### What to do
Word for word, copy the lines beginning at the one with "Strandfoto im Buch über Riga" and ending at the last line below; pictures stay out.

### Stored data
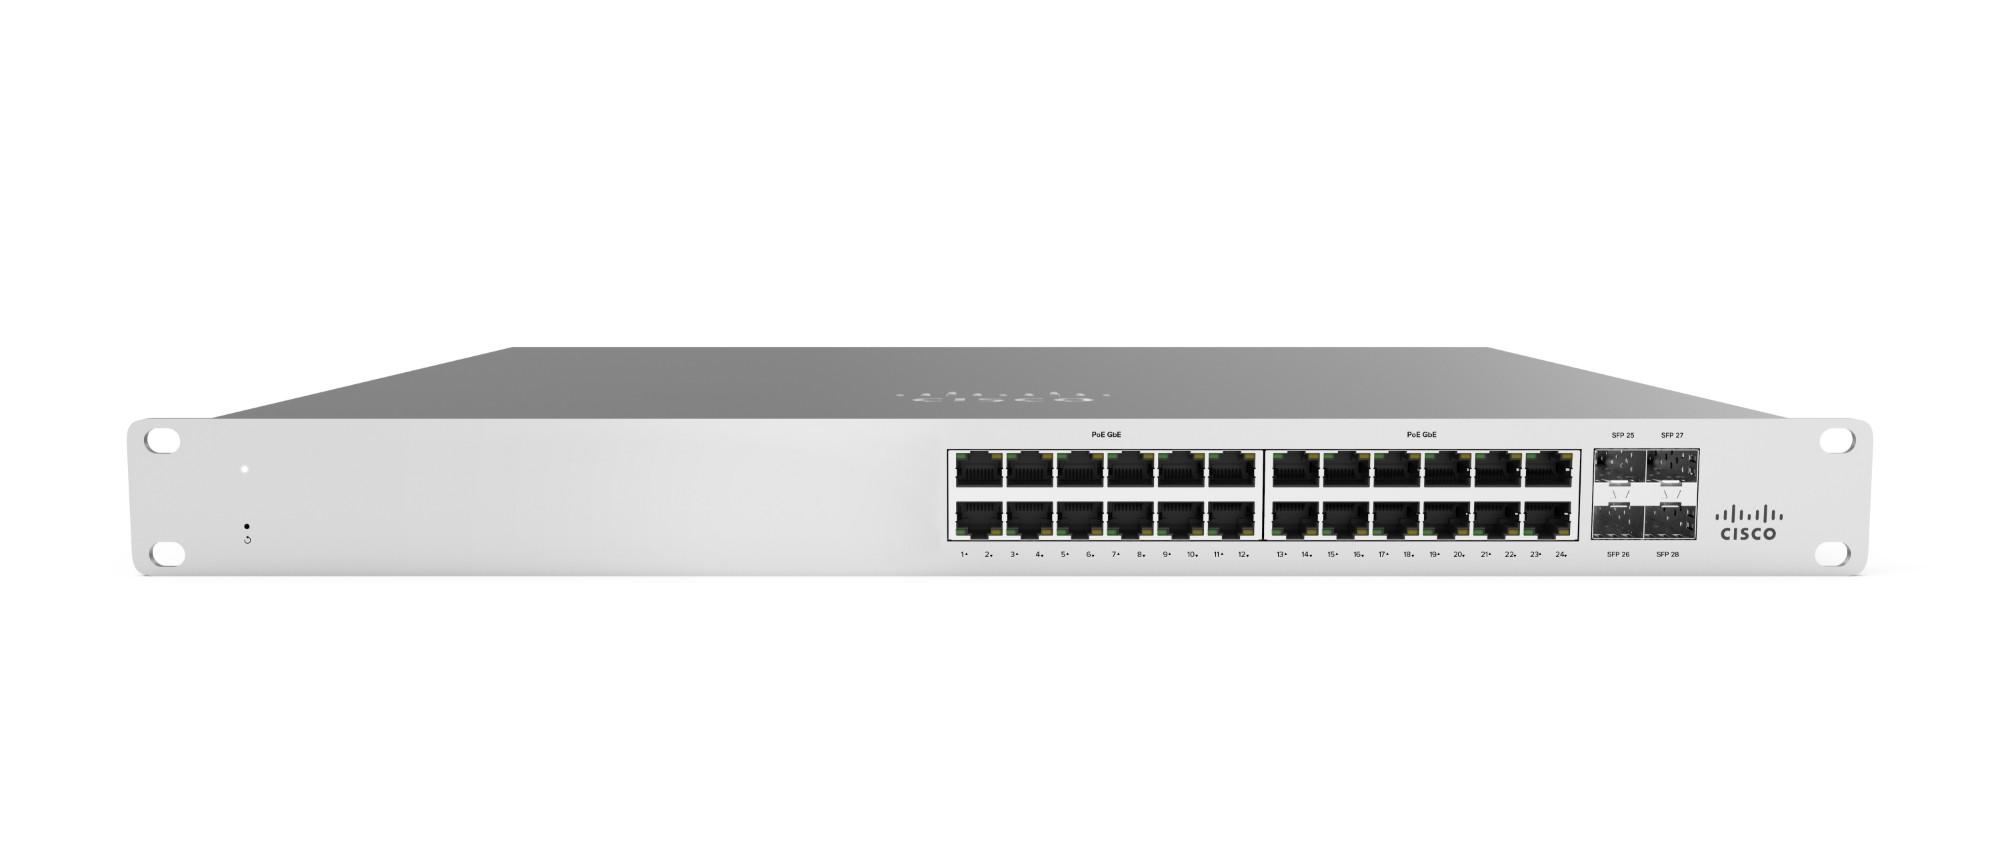 Cisco Meraki MS120-24P Gestionado L2 Gigabit Ethernet (10/100/1000) Gris 1U Energía sobre Ethernet (PoE)
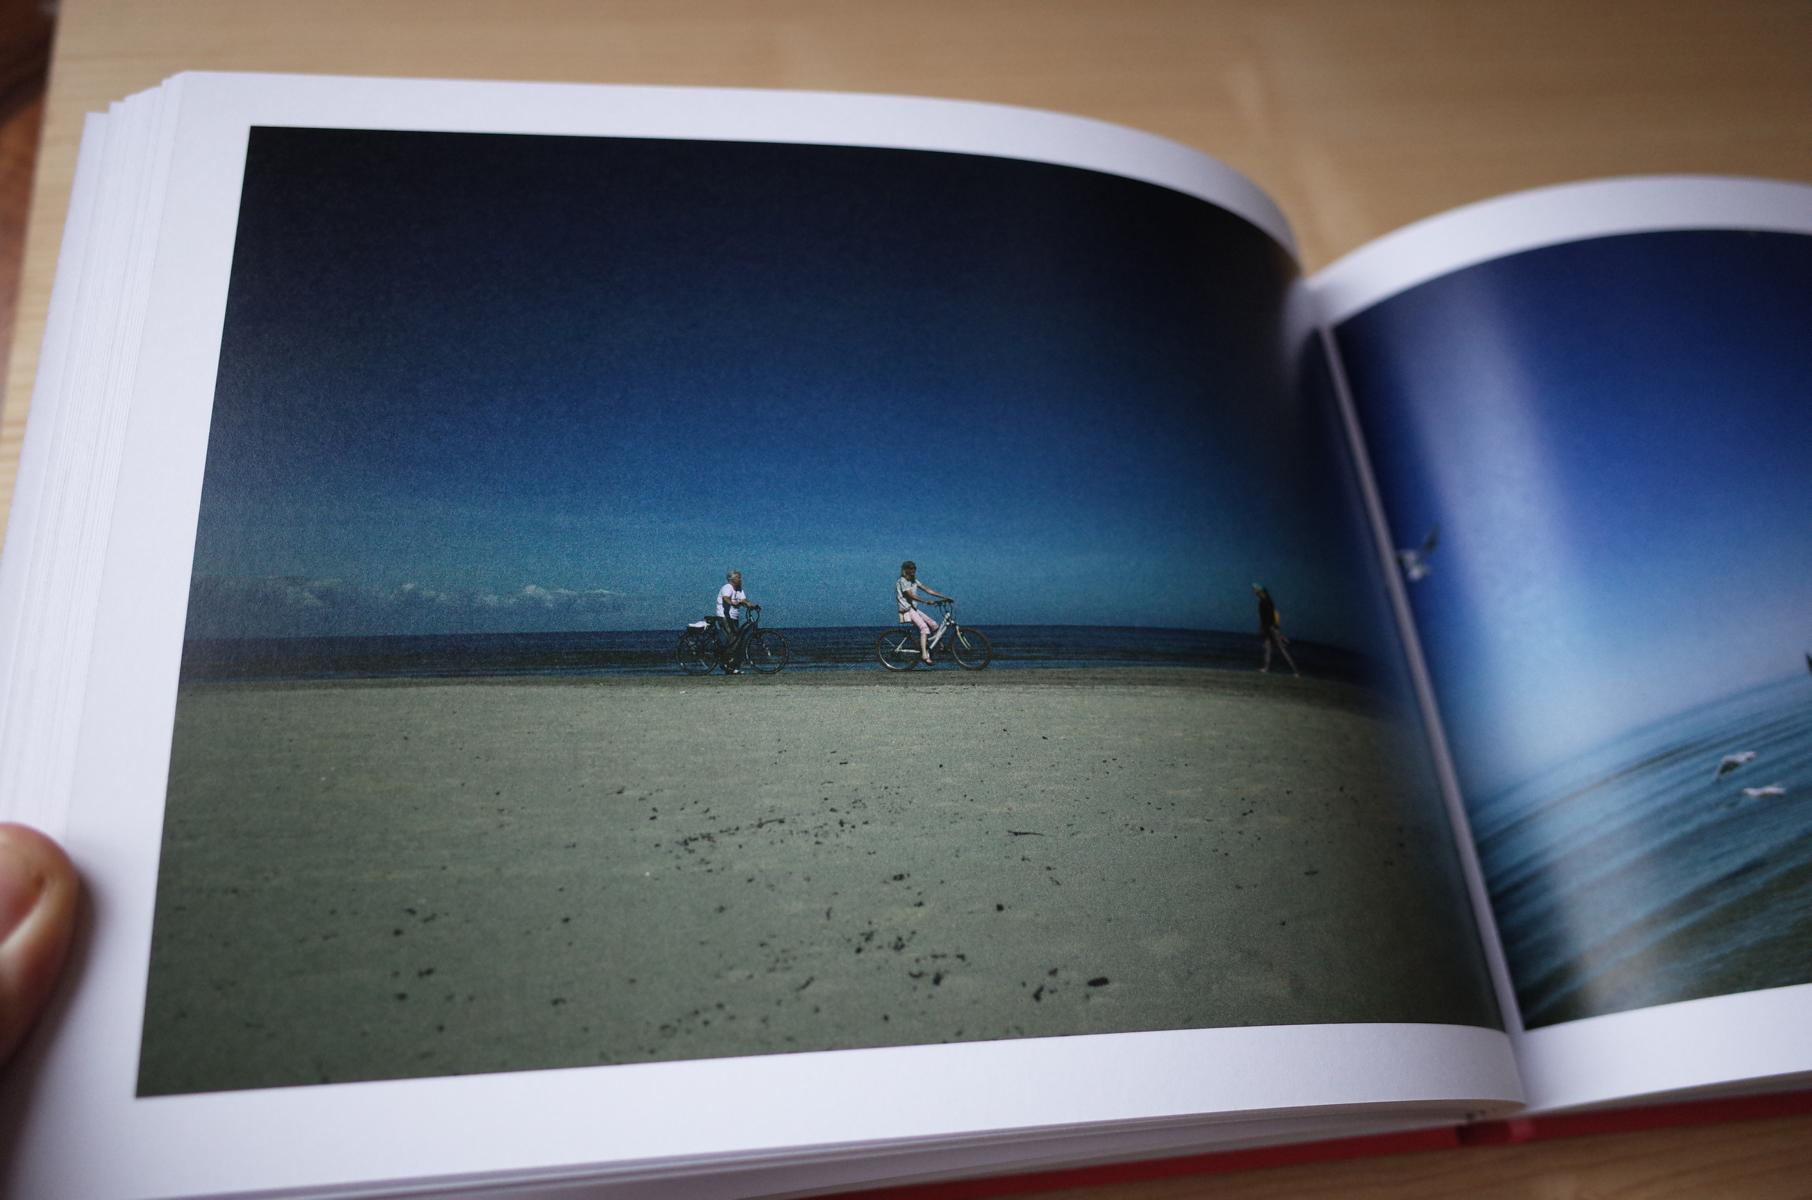 Strandfoto im Buch über Riga
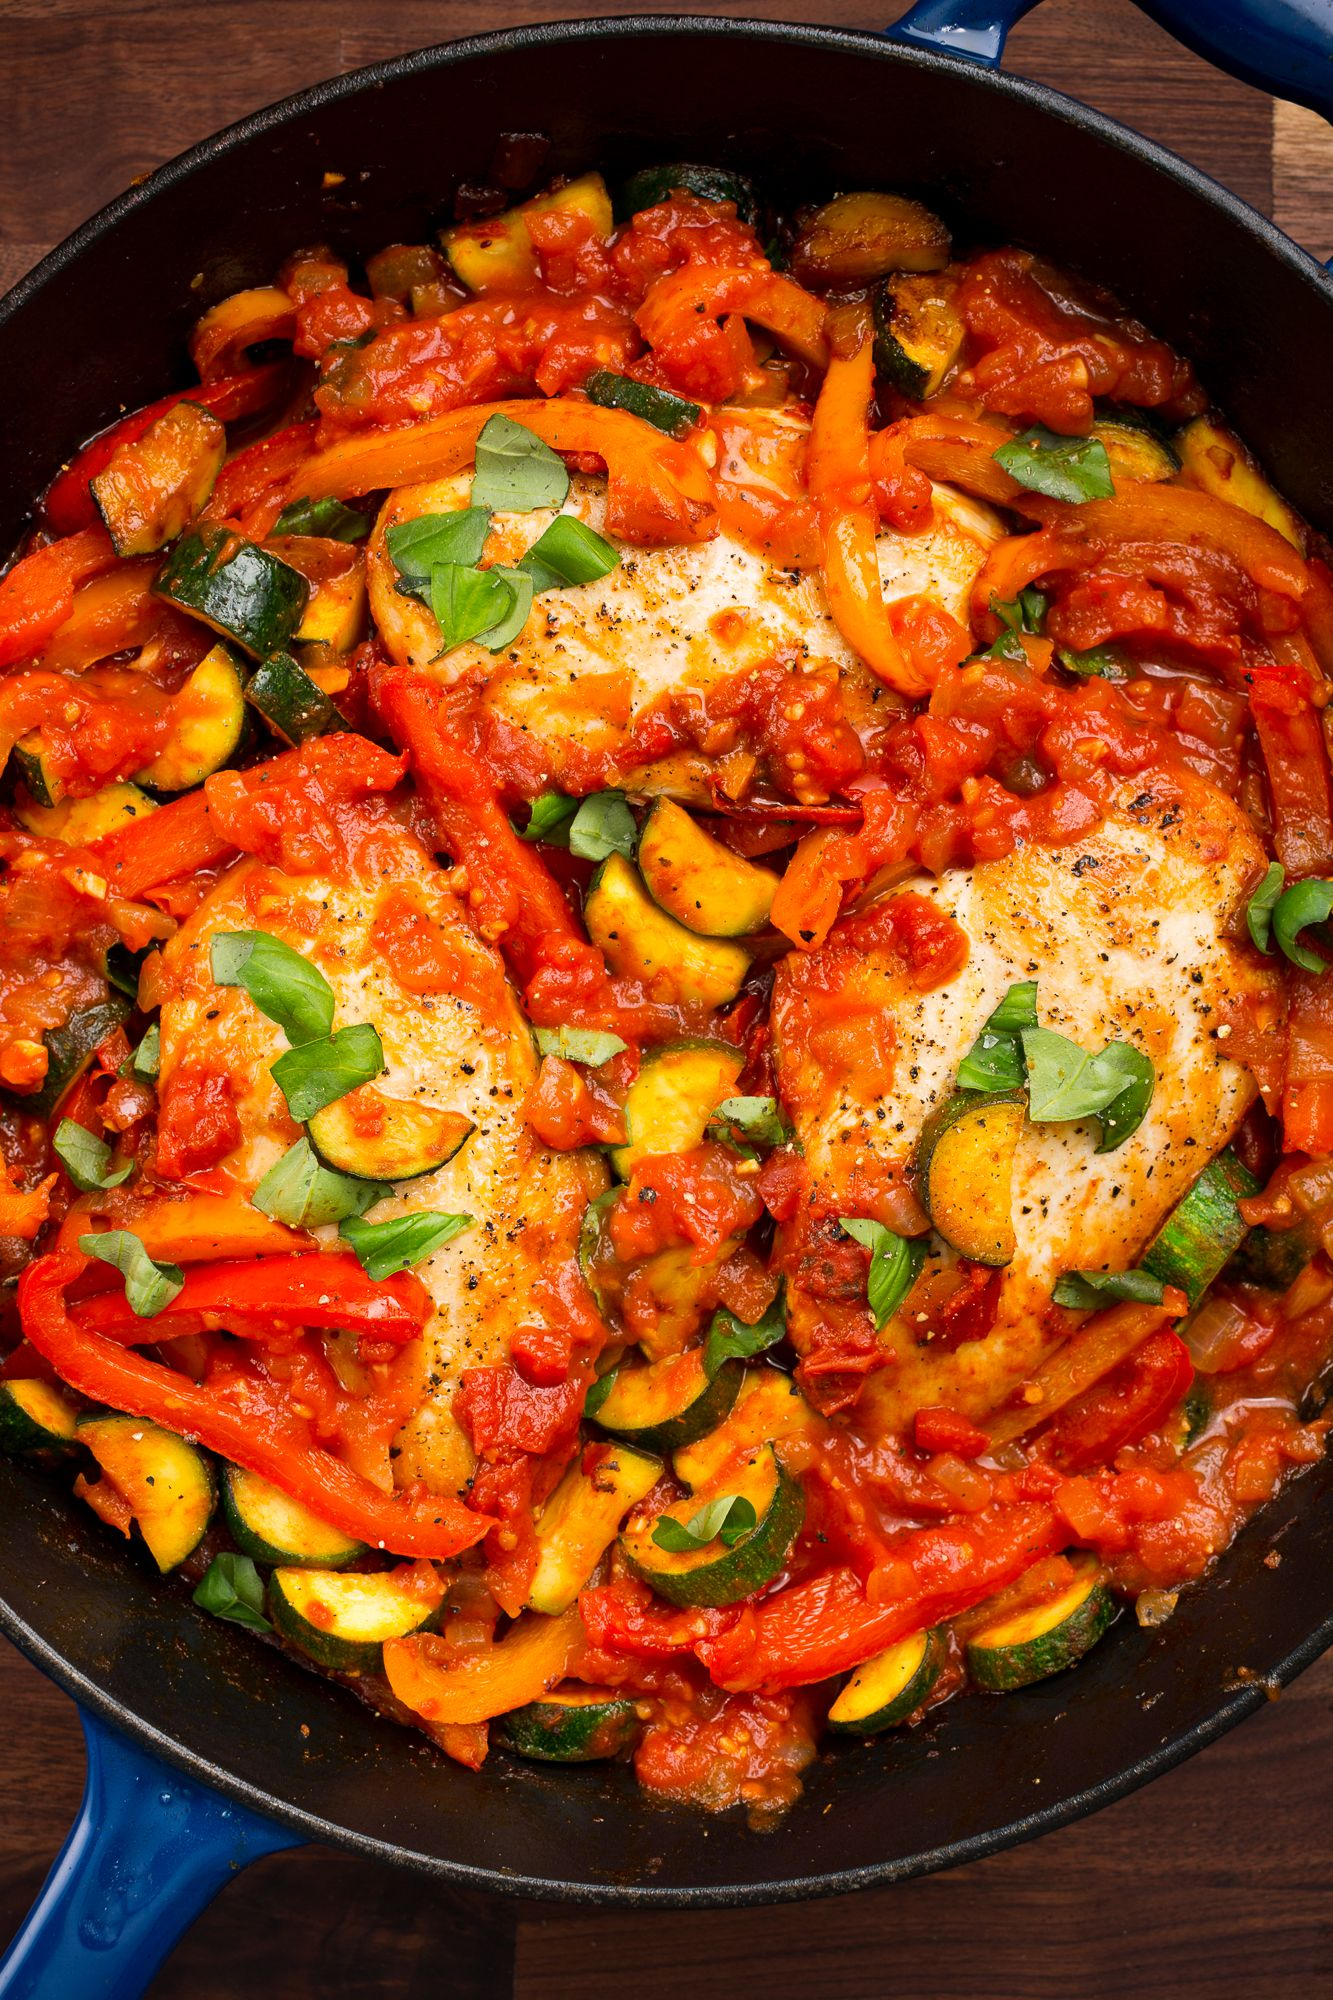 8+ Easy Italian Food Recipes - Best Italian Dinner Ideas

### Written solution
 Strandfoto im Buch über Riga
 8+ Easy Italian Food Recipes - Best Italian Dinner Ideas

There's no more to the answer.